X
Tech

Major German manufacturer still down a week after getting hit by ransomware

Pilz, a German company making automation tool, was infected with the BitPaymer ransomware on October 13.
Written by Catalin Cimpanu, Contributor
Pilz sensor automation
Image: Pilz

Pilz, one of the world's largest producers of automation tools, has been down for more than a week after suffering a ransomware infection.

"Since Sunday, October 13, 2019, all servers and PC workstations, including the company's communication, have been affected worldwide," the Germany-based company wrote on its website.

"As a precaution, the company has removed all computer systems from the network and blocked access to the corporate network."

All the company's locations across 76 countries were impacted and were disconnected from the main network, unable to file orders and check customer statuses.

It took Pilz staff three days to regain access to its email service, and another three days to restore email service for its international locations. Access to the product orders and delivery system was restored only today.

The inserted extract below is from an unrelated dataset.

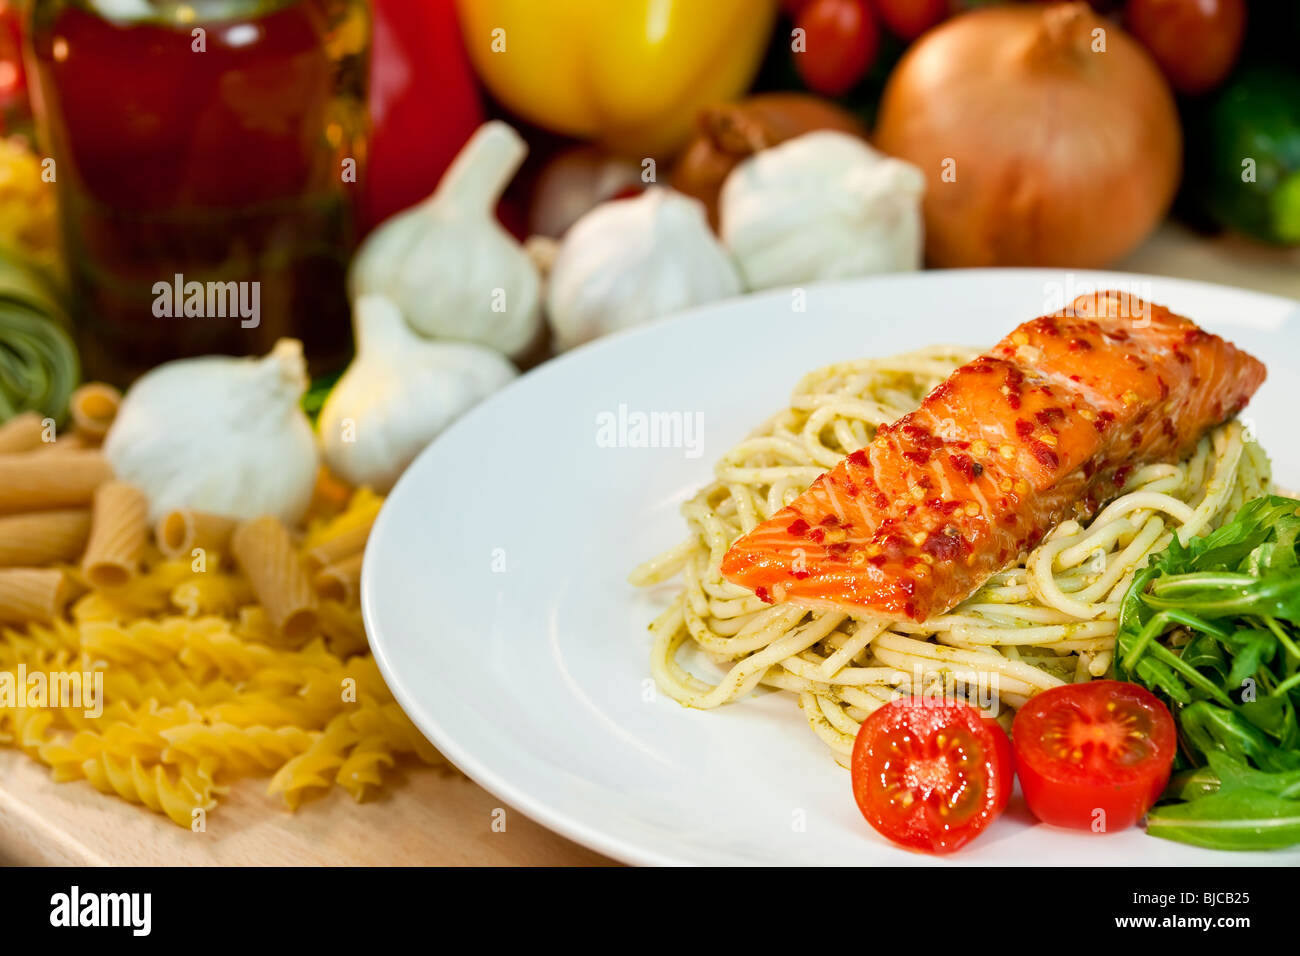 Seared chili salmon fillet with pesto spaghetti, rocket salad and cherry tomatoes with other ingredients in the background Stock Photo
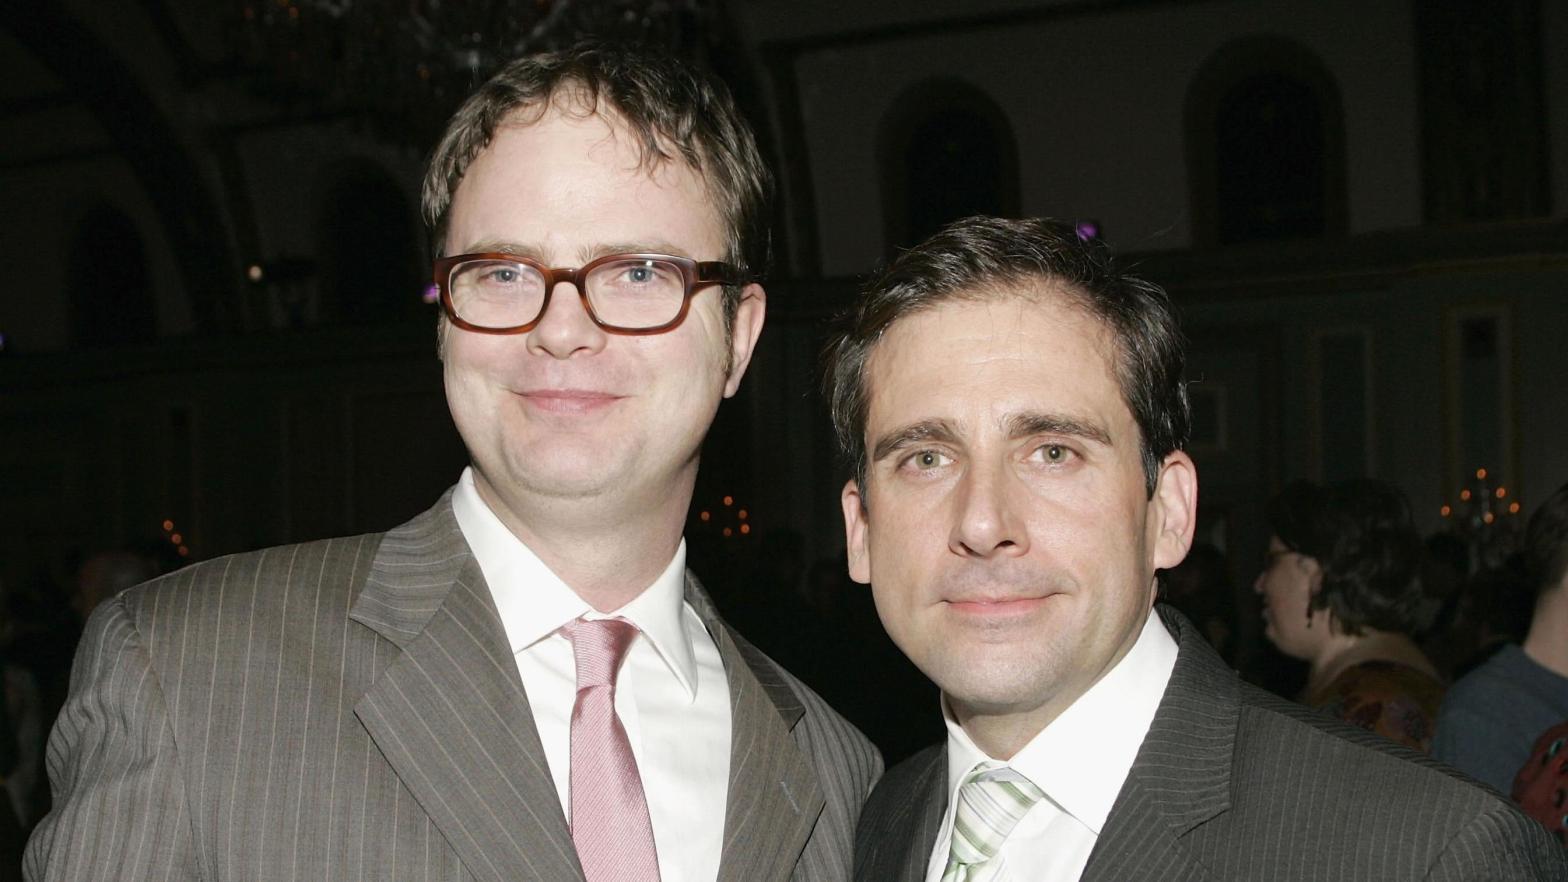 'The Office' actors Rainn Wilson (Dwight Schrute) and Steve Carell (Michael Scott) on January 22, 2006 in Los Angeles, California. (Photo: Michael Buckner, Getty Images)

Production capabilities weren't impacted, but unable to check orders, they've been hampered and going at slower rates.

Blame BitPaymer

The German company -- known for its automation relays, controllers, and sensors -- is the latest in a long line of BitPaymer victims, Maarten van Dantzig, Lead Intelligence Analyst at FoxIT, told ZDNet today.

Van Dantzig was able to tie the Pilz infection to BitPaymer after he found and analyzed a BitPaymer sample uploaded on VirusTotal. The sample contained a ransom note with Pilz-related contact details, customized for the company's network.

BitPaymer is a ransomware strain that appeared in the summer of 2017 and has been tied to several high-profile incidents at Scottish hospitals, the PGA, two Alaskan towns (Matanuska-Susitna and Valdez), Arizona Beverages, in attacks leveraging an iTunes zero-day, and, most recently, at French TV station M6.

But BitPaymer is not your regular ransomware strain. BitPaymer's authors engage in what's called "big game hunting," a term coined by Crowdstrike and which describes the act of going only after high-value targets -- in the hopes of extracting a large ransom payment, instead of extorting home consumers for meager profits.

BitPaymer's Dridex partnership

During the past two years, BitPaymer has been distributed exclusively via the Dridex botnet, van Dantzig told ZDNet.

An ESET report from January 2018 claimed the ransomware was the work of the Dridex authors themselves.

Currently, most experts believe the Dridex gang spends their time sending email spam that infects users with the Dridex trojan, compiles a list of victims, and then deploys BitPaymer on the networks of large companies, in the hopes of extracting huge ransoms after encrypting their files.

Historically, this tactic has been pretty lucrative, and BitPaymer has been tied to ransomware demands going as high as $1 million, Van Dantzig told ZDNet today in a phone call.

This cybercrime model of botnet-ransomware partnership is extremely popular these days. A similar "working relationship" also exists between the operators of the Emotet and TrickBot botnets and the Ryuk ransomware gang.

A surge in activity since April this year

You can easily see BitPaymer's modus operandi in the chart below, consisting of submissions to ID-Ransomware, an online service sponsored by the MalwareHunterTeam and Emsisoft where ransomware victims can upload samples and detect the type of ransomware they've been infected.

bitpaymer-last-year.jpg

BitPaymer submissions to ID-Ransomware in the last 12 months

Source: ID-Ransomware (supplied)

Most ID-Ransomware activity charts are smooth, as there are daily submissions from victims who get infected after opening emails or installing ransomware-infected files.

However, for BitPaymer, this is different. The spikes show occasional infections as the ransomware is deployed on a handful of carefully selected targets, rather than spammed out in every direction. This pattern is specific to "big-game hunting" ransomware operations.

Van Dantzig says companies must understand that once they recover from a BitPaymer infection, their job is not done. System administrators must also remove the Dridex trojan from infected hosts, otherwise they'll be reinfected again.

In fact, van Dantzig has seen this happen in the past.

Pilz was not immediately available for comment at the time of publishing.